Asia Pacific manufacturers will be focusing on emerging markets, developing new low-cost manufacturing centres and using new technologies to drive connectivity and visibility across the entire value chain in 2014, predicts IDC Manufacturing Insights.
IDC Manufacturing Insights forecasts new markets and low-cost manufacturing centres to emerge as manufacturers within the region are expected to continue moving to low-cost countries such as Cambodia, India, Vietnam and Indonesia. "More manufacturing activities are expected to come to ASEAN as manufacturers based in China are increasingly seeking to reduce cost by moving to lower costs Asian countries," said Dr William Lee, senior research manager at IDC Manufacturing Insights Asia/Pacific. For instance, Lever Style has reduced its headcount in China by one third as it moved part of its production for Uniqlo to Vietnam.
Having visibility into the supply chain and real-time ability to decide based on the information within specified time limits will become increasingly important in a competitive dynamic market. IDC Manufacturing Insights predicts that retail stores will increasingly use mobile devices to share daily information to the OEM (original equipment manufacturer). This will drive the adoption of technologies such as in-memory databases to support the sales and operations planning process.

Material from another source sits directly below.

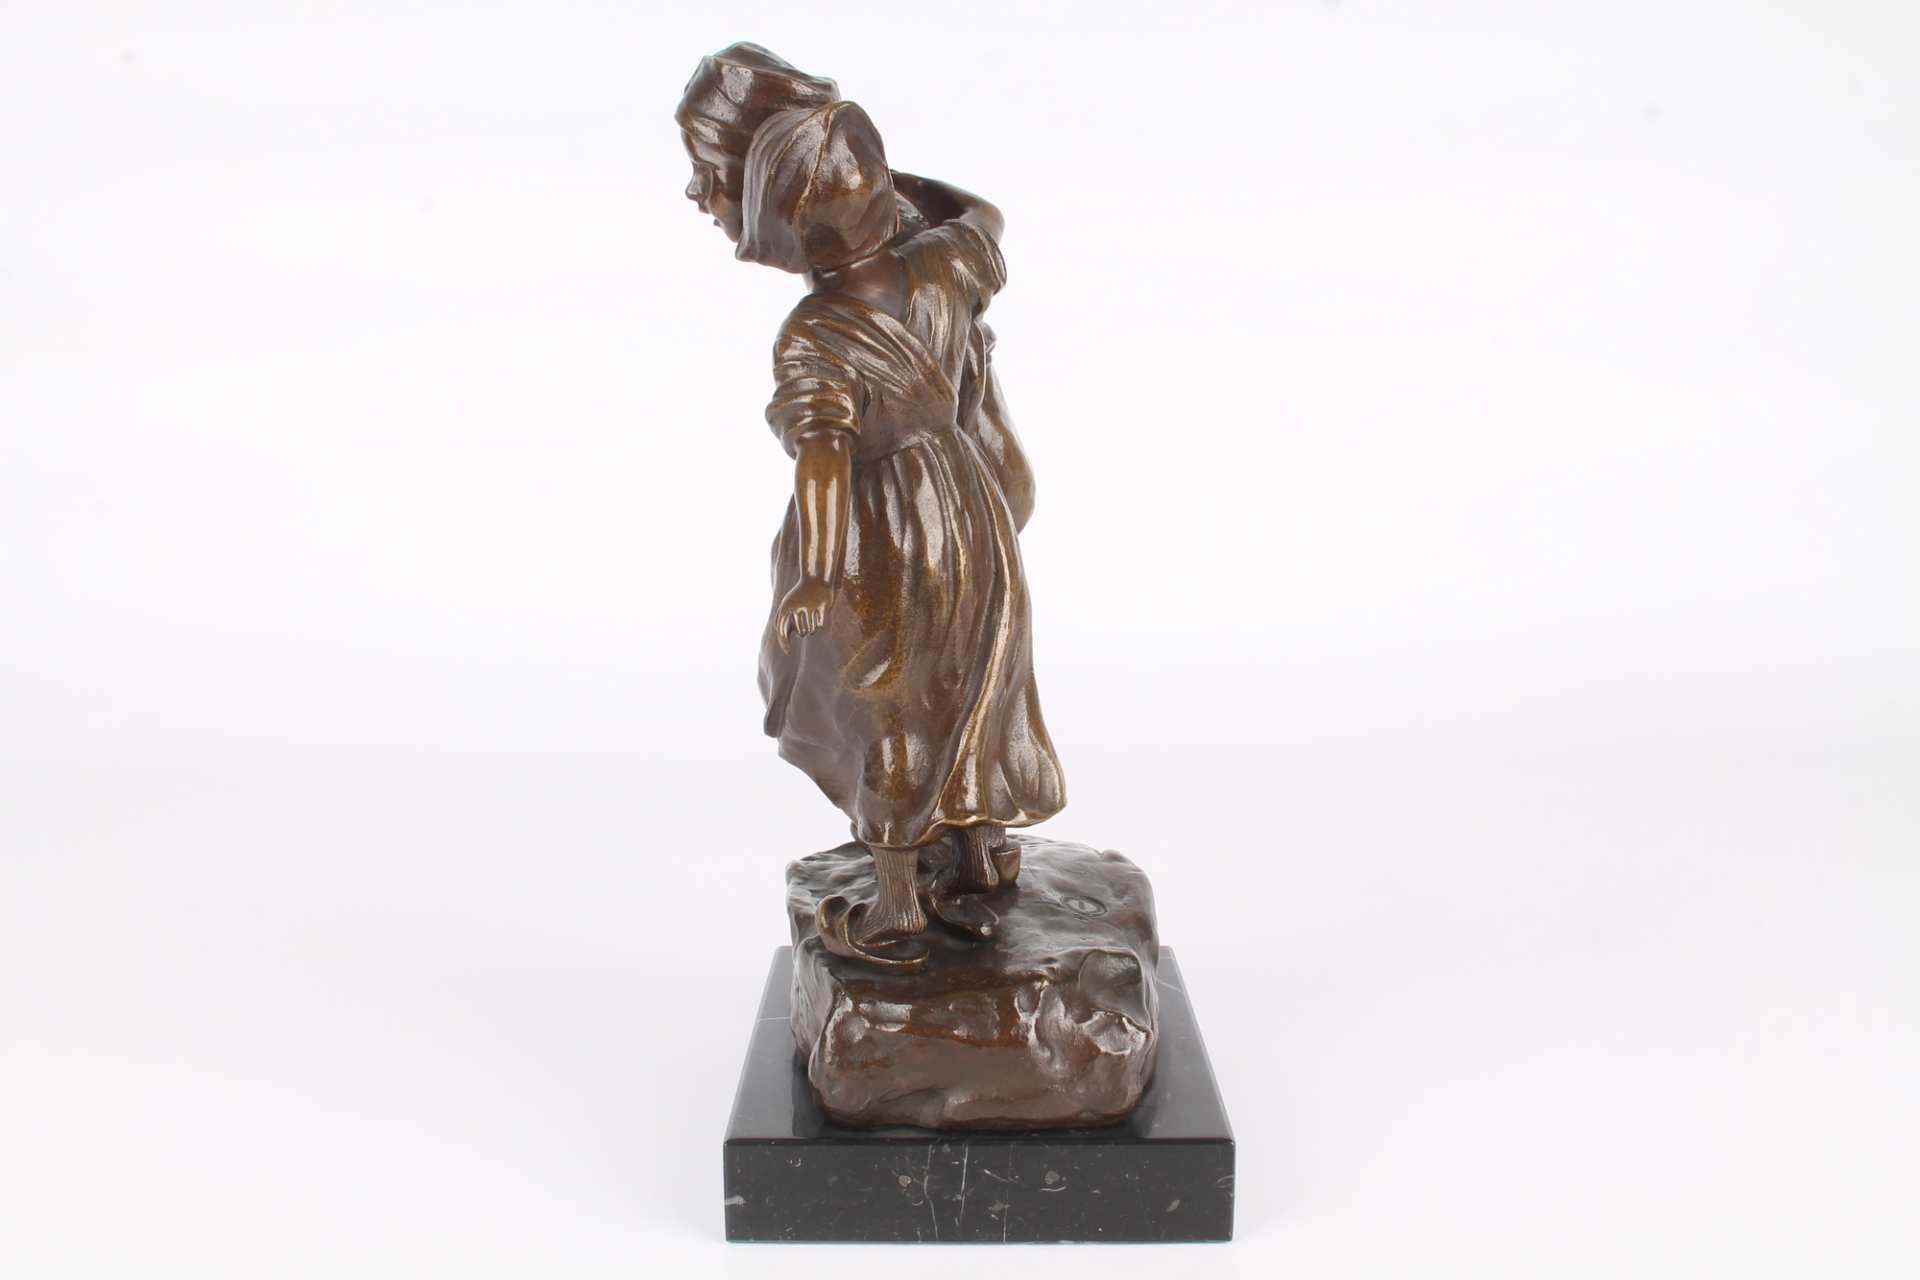 Bronze Figurengruppe by Martin & Piltzing Berlin, the secret figurine, - Image 5 of 6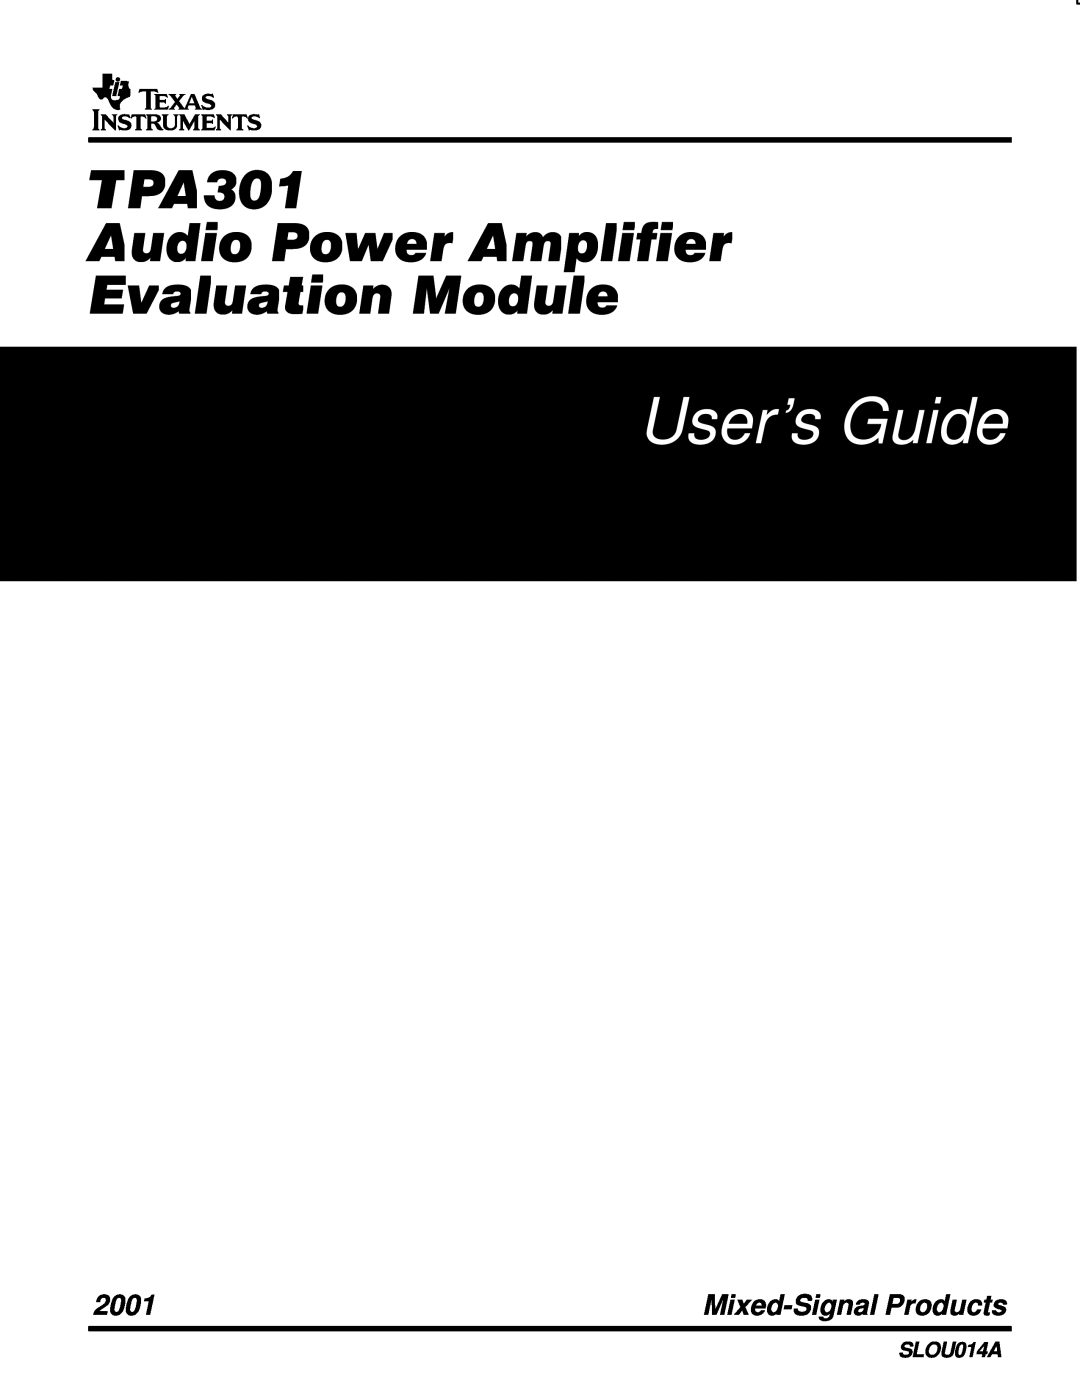 Texas Instruments TPA301 manual User’s Guide, ETPA3Avudaluio01ationPowerModuleAmplifier, 2001, Mixed-SignalProducts

As businesses are now beginning to drive the adoption of technologies in the companies, CIOs have to consider forging new, collaborative relationships with users. In the coming year, CIOs need to provide users with the freedom to make IT decisions, and teach them how to assume responsibility for those decisions.
These three predictions are part of IDC Manufacturing Insights Asia/Pacific's top 10 predictions for 2014.